In my continued reading of the most excellent Light: Science and Magic: An Introduction to Photographic Lighting book, and continued lack of lighting equipment beyond a SB-600 and various household lights of annoyingly different color temperatures, North facing windows provide excellent lighting, reproducing the effect of a large softbox.

  • North facing window, plus diffuse reflection off the white table, plus random background light from the rest of the room:

    花の座

  • A different set of North facing windows, plus diffuse reflection off various pieces of white paper that fill in shadows opposite the windows. This lighting is best revealed by inspecting the helmet in the lower right. The white paper provided perhaps too much reflection, as the lemon and helmets are a bit too bright; grey paper might have worked better (coat cardboard in tinfoil if more light is required).

    Breakfast

  • For comparison, mostly direct morning sunlight (harder shadows, sharper highlights) through an East facing window. One shot backlit by an opened moleskin; otherwise, the pictures share the same exposure and B&W conversion:

    Espresso-Cup1 Espresso-Cup2

Finding good lighting requires looking around, experimenting with moving things closer or away from the light source: what does the subject look like close to the window versus near it versus farther away? Does changing the camera position with respect to the subject at these different locations improve the image? Do reflected or other light sources help fill in shadows appropriately? Outside, the time of day, season, and weather might require months to line up just right…

June 22, 2008

Disk Space

$ df; df -i; sudo lsof | grep deleted

On unix systems, when disk space runs low, the first three commands to run are df, which shows how much space file contents occupy; df -i, whether available inodes have been consumed; and sudo lsof | grep deleted, what deleted files remain held open by a running process. Using this information, partitions can then be investigated for the source of the problem, or processes holding a large file open restarted.

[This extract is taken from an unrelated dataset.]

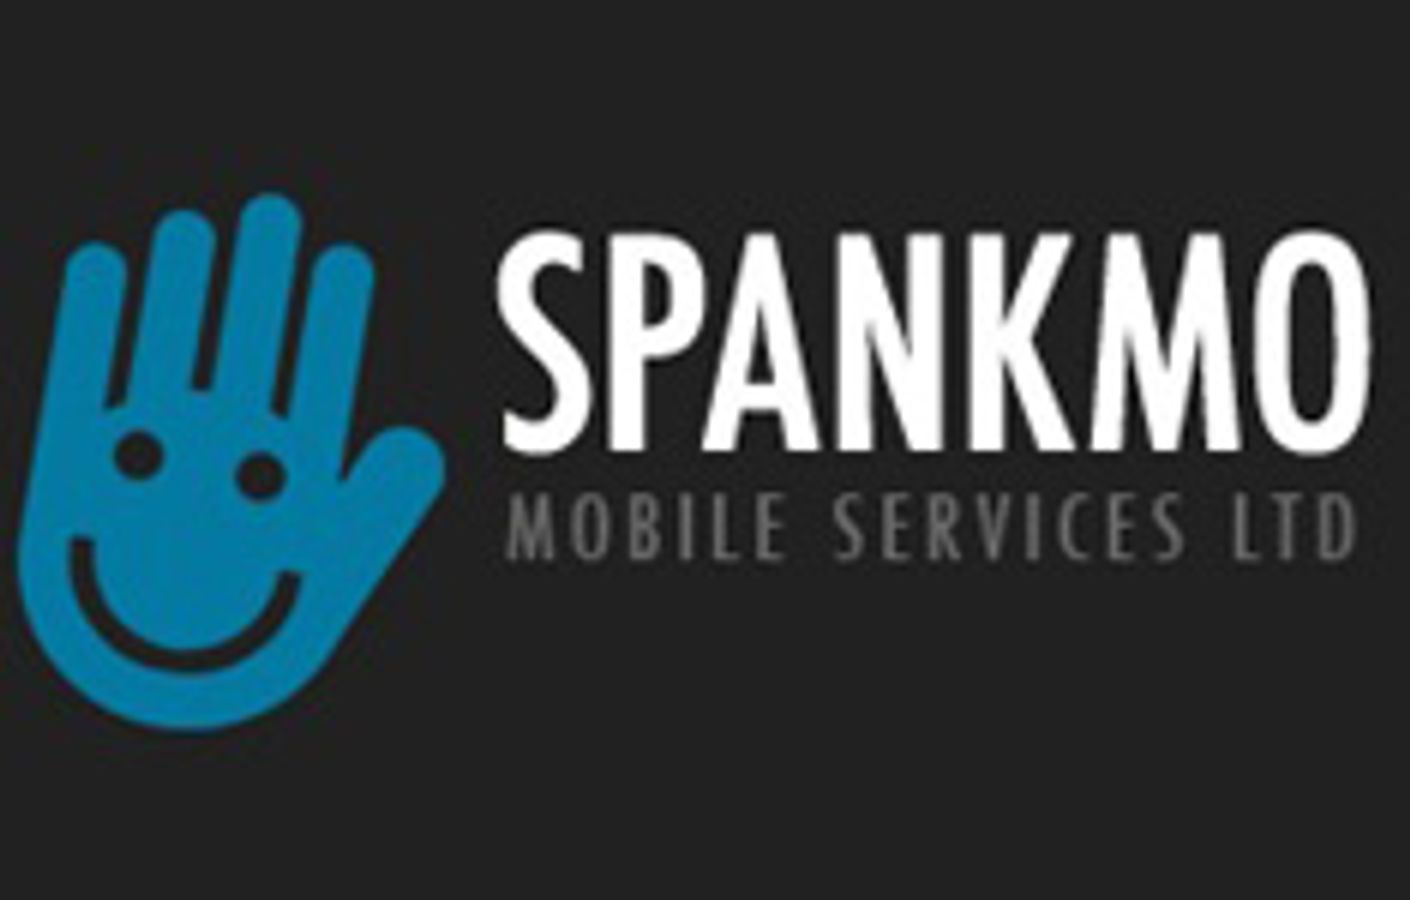 Spankmo Mobile Services Ltd.

Note that some file systems will never run out of inodes, as they use B+ tree or other solutions instead of a count set when the filesystem was created.

Monitoring

Disk space usage should be monitored with software such as Nagios. Alarming is best done at two levels: a non-paging ticket when disk space reaches warning levels, and a paging ticket when disk space is critically short. Using this model, runaway disk space use will quickly cause a page, while slow consumption of space can be acted on well before a page is necessary.

Different alarm levels must be set for different classes of systems: database servers might well run certain partitions up to 99% full under normal use, while other systems may require a warning ticket well before 90% usage.

Remediation

In my experience, logging causes the majority of disk space problems. Eliminate verbose and debug logging in production, as these messages hardly justify the disk space and I/O operations required. Where possible, eliminate stack trace spam: a remote connection failure warning never needs 100 lines saying where in the code the failure took place; a single line suffices, as the problem has nothing to do with the code.

Estimate disk space consumption: the amount of data logging per transaction or request in production should be known, and can be multiplied by the anticipated traffic levels, plus the duration logs must remain around, plus padding for growth and filesystem overhead. This should be done before the service launches, not afterwards!

Use proper log file handling, not problematic logrotate implementations. messages.1 to messages.2 rotation thwarts rsync style archival, and does not divide the logs into time-based buckets as better solutions do.

Technorati Tags: ,

June 12, 2008

Rollei Scanfilm CN 400

Rollei Scanfilm CN 400 is interesting:

Loading Dock

Holga, minus the square plastic insert. Film warping took place during either the photograph, scanning, or both. I like the results better than from comparable Fuji color films, and this film provides for different applications than super-saturated Velvia.